Instructions for the task » Below are lines of records; copy exactly those from the one containing "Mini Moto Elétrica" through the one containing "廣東省湛江市中交高速湛江赤坎區收費站高桿燈照明工程項目", leaving the pictures behind.

Data extracts »
-=-=-

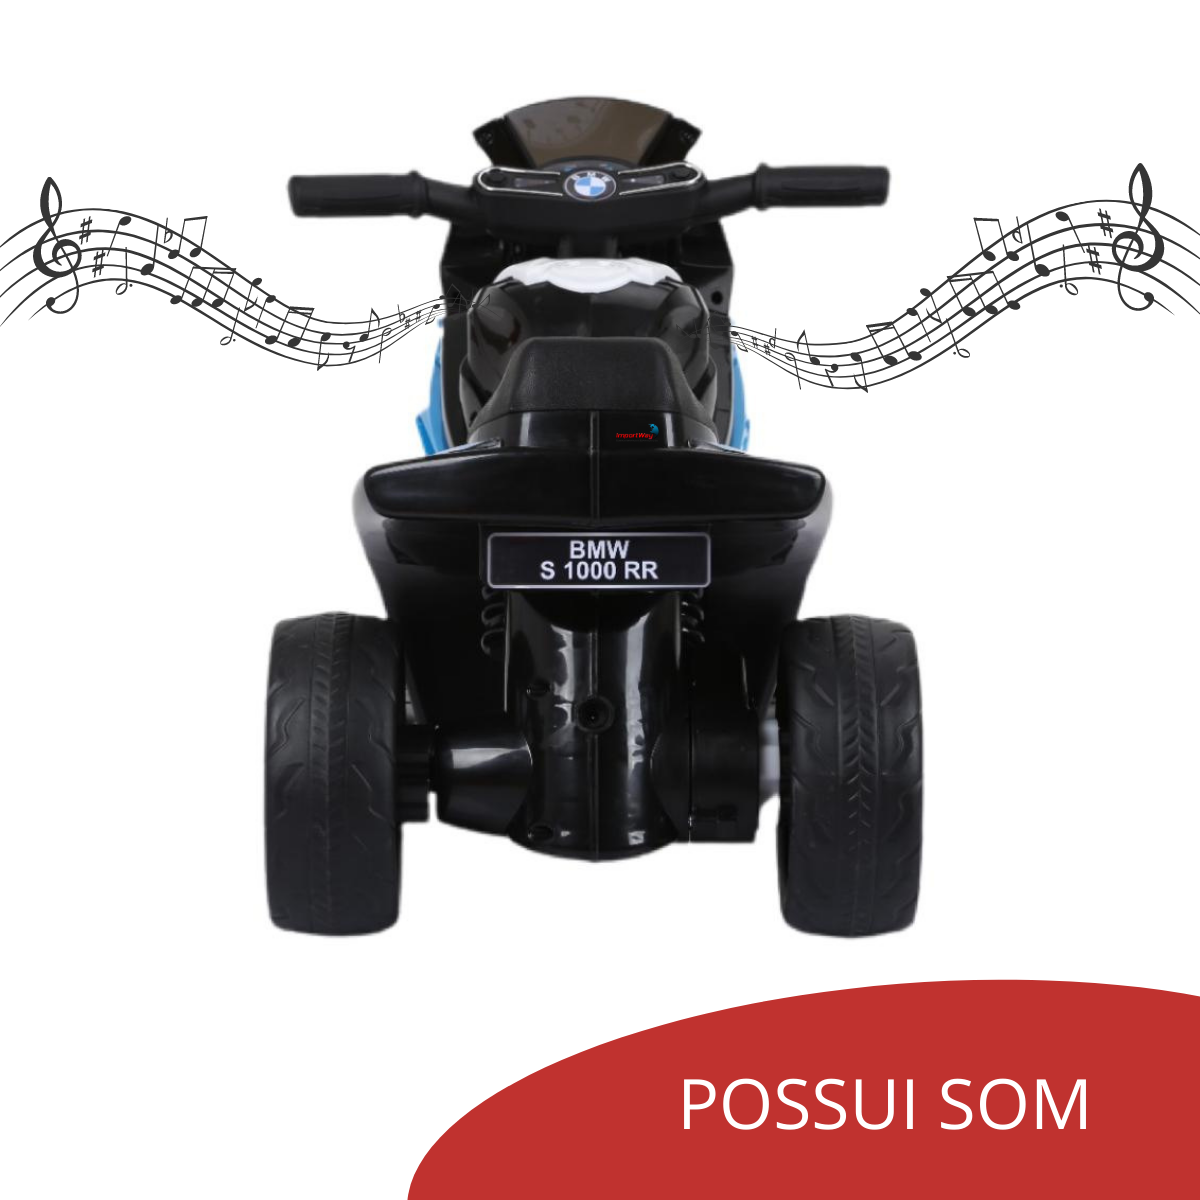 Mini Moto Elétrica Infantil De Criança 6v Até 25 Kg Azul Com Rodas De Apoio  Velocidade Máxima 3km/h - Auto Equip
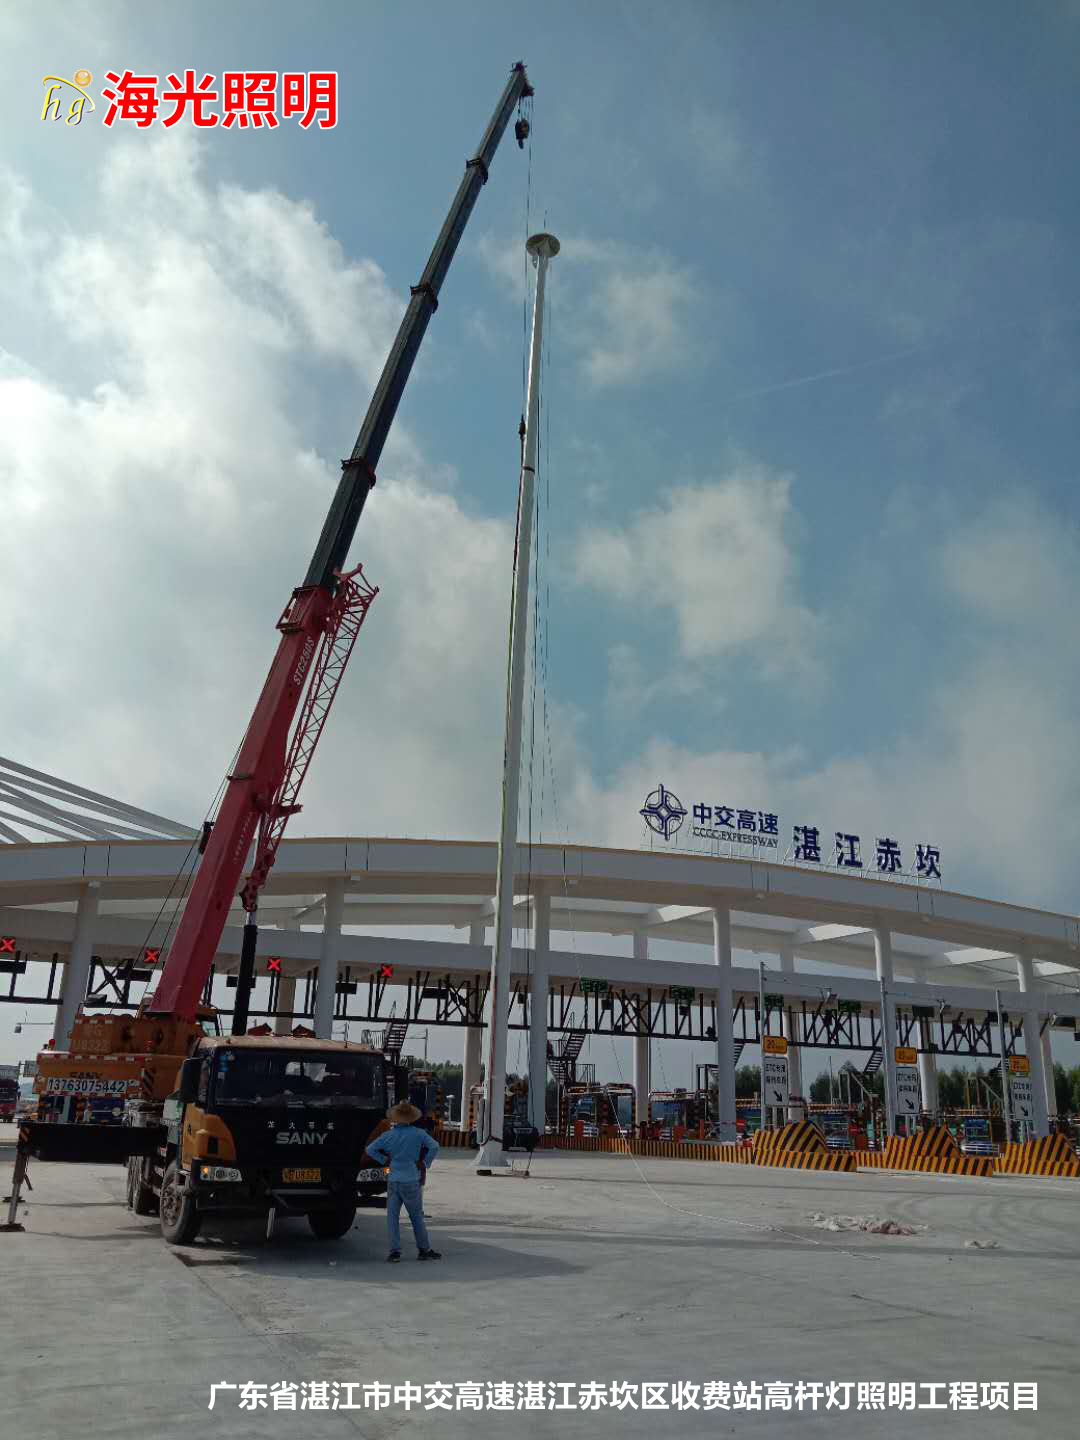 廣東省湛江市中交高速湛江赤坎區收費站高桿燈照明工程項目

-=-=-

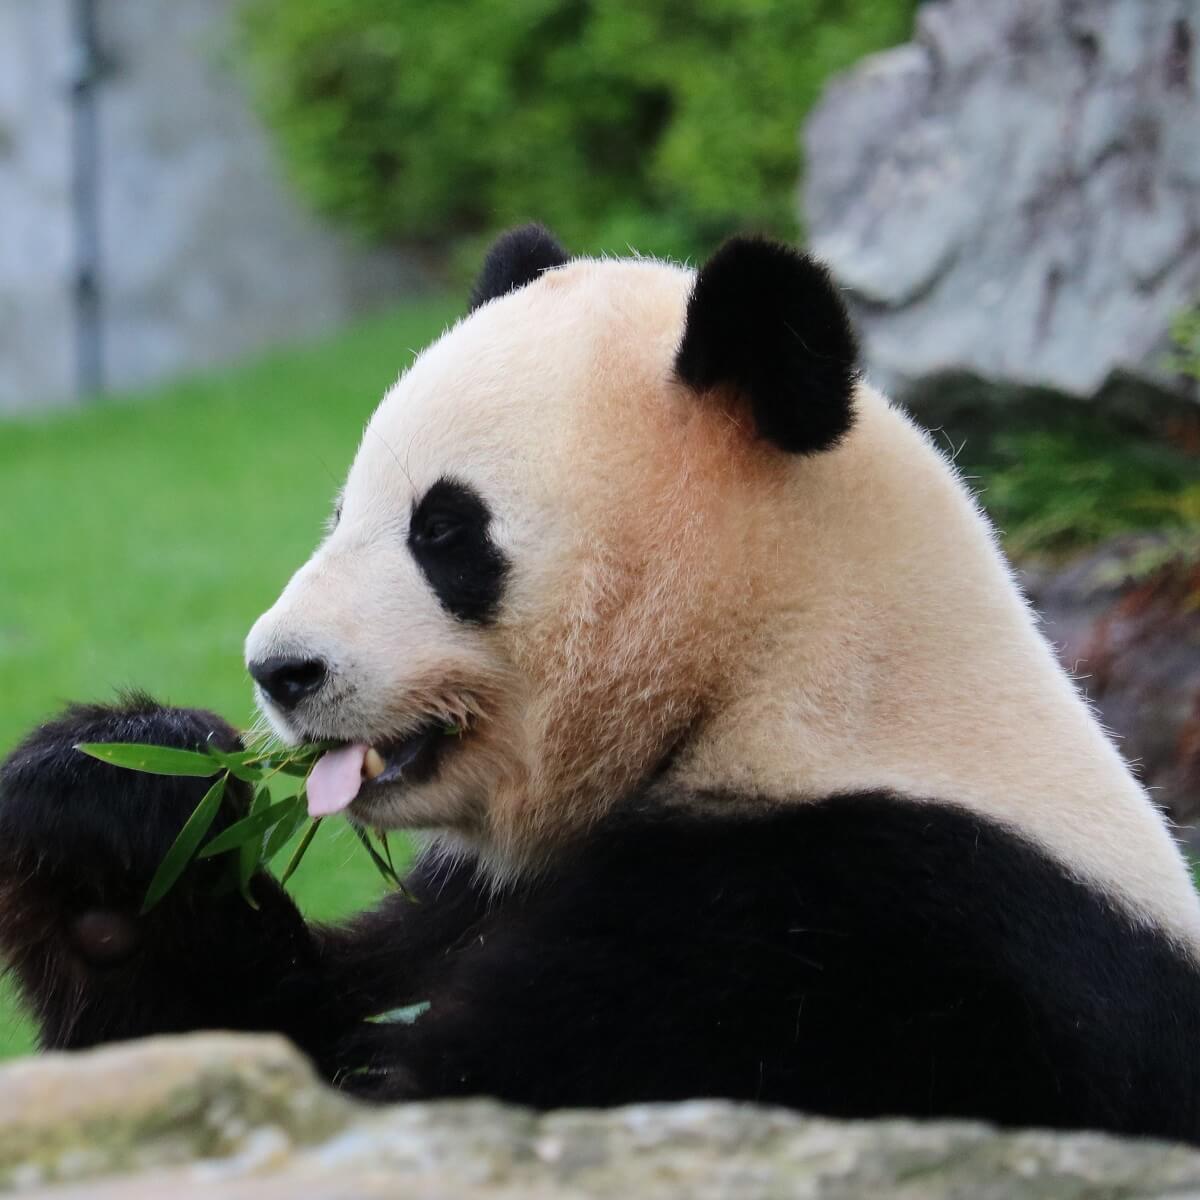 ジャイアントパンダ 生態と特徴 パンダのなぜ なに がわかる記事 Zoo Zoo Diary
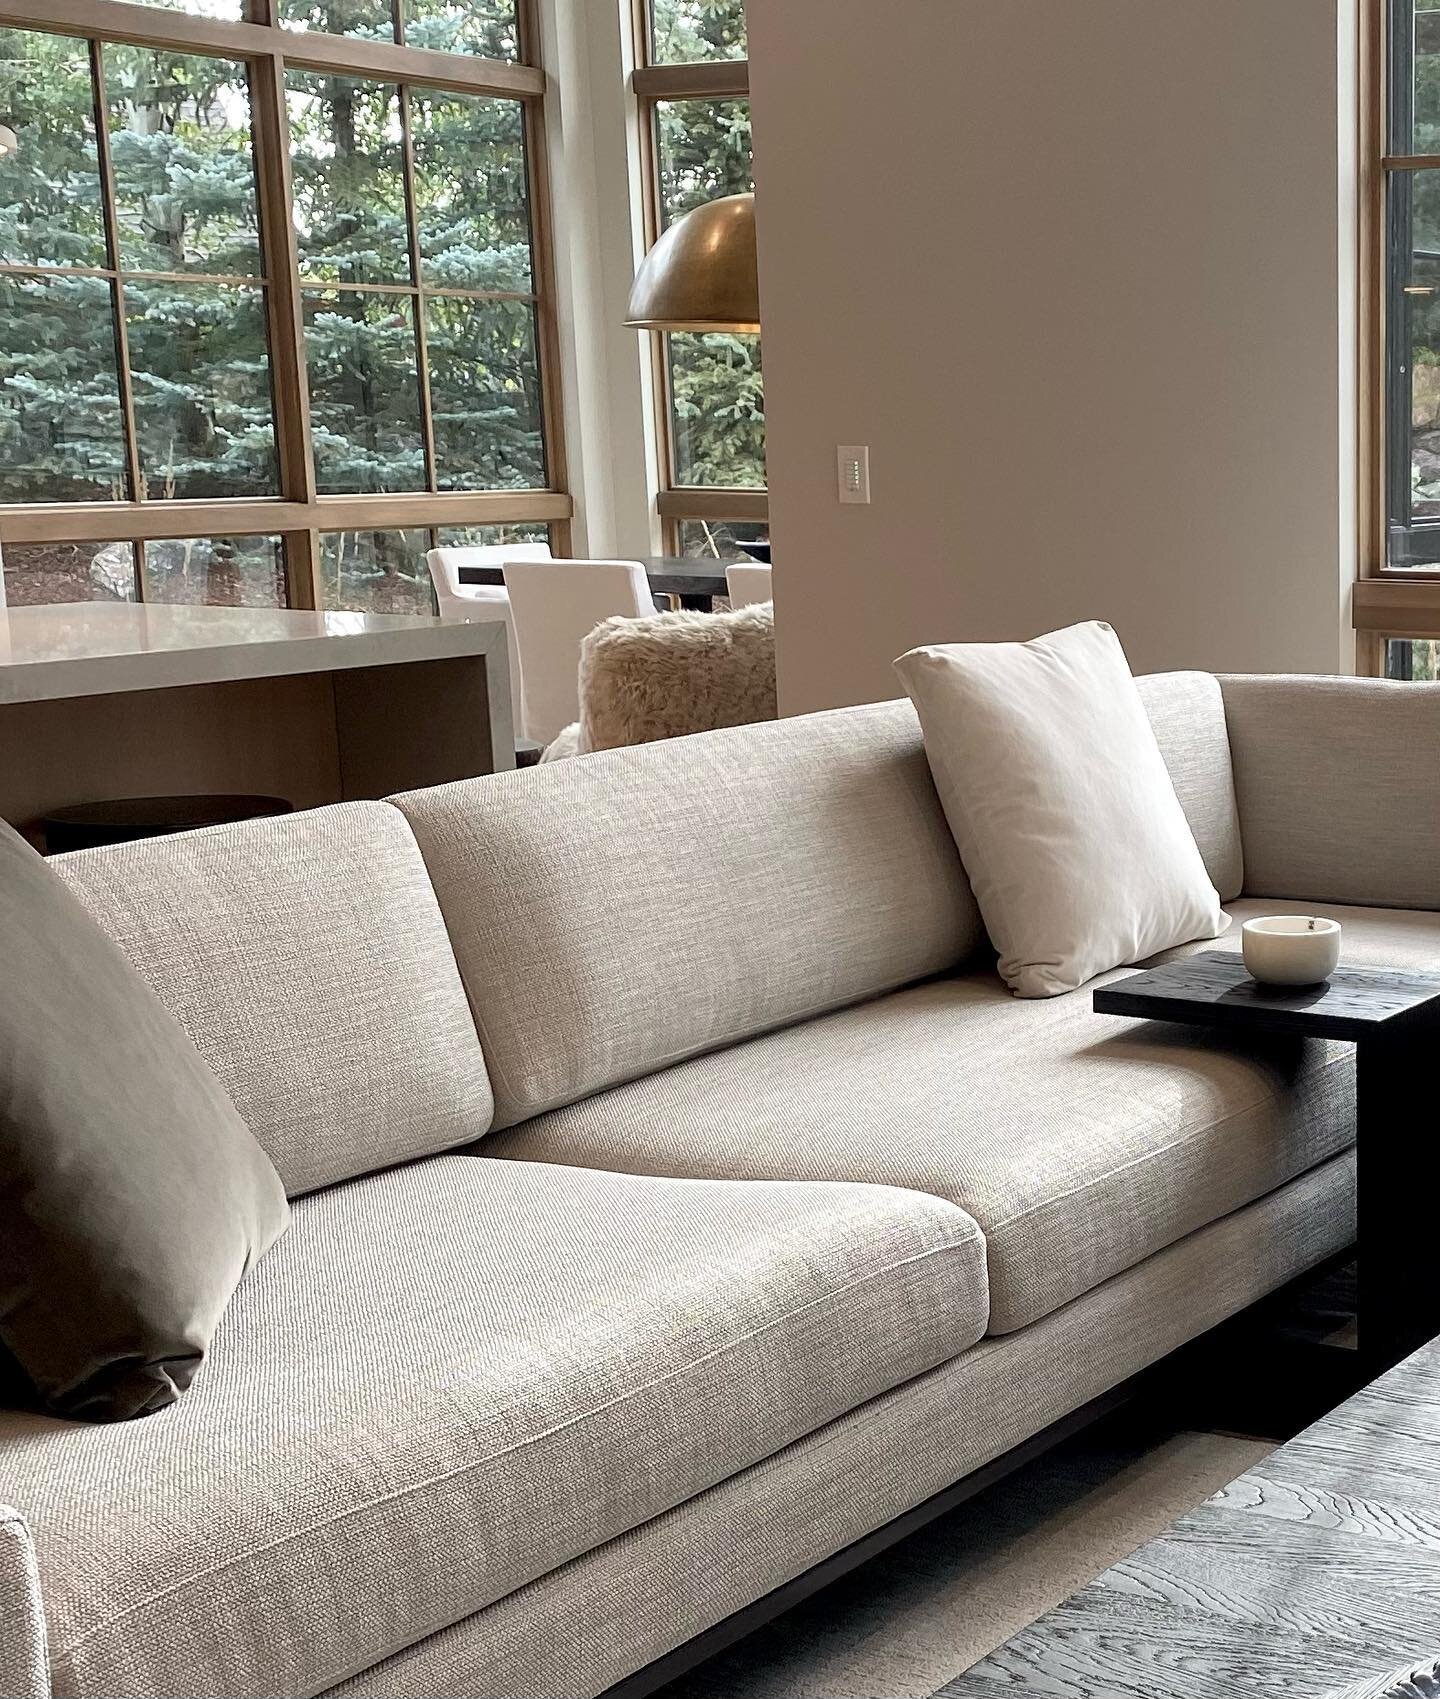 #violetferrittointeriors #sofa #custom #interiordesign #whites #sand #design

-=-=-

Output for this task »
 Mini Moto Elétrica Infantil De Criança 6v Até 25 Kg Azul Com Rodas De Apoio  Velocidade Máxima 3km/h - Auto Equip
 廣東省湛江市中交高速湛江赤坎區收費站高桿燈照明工程項目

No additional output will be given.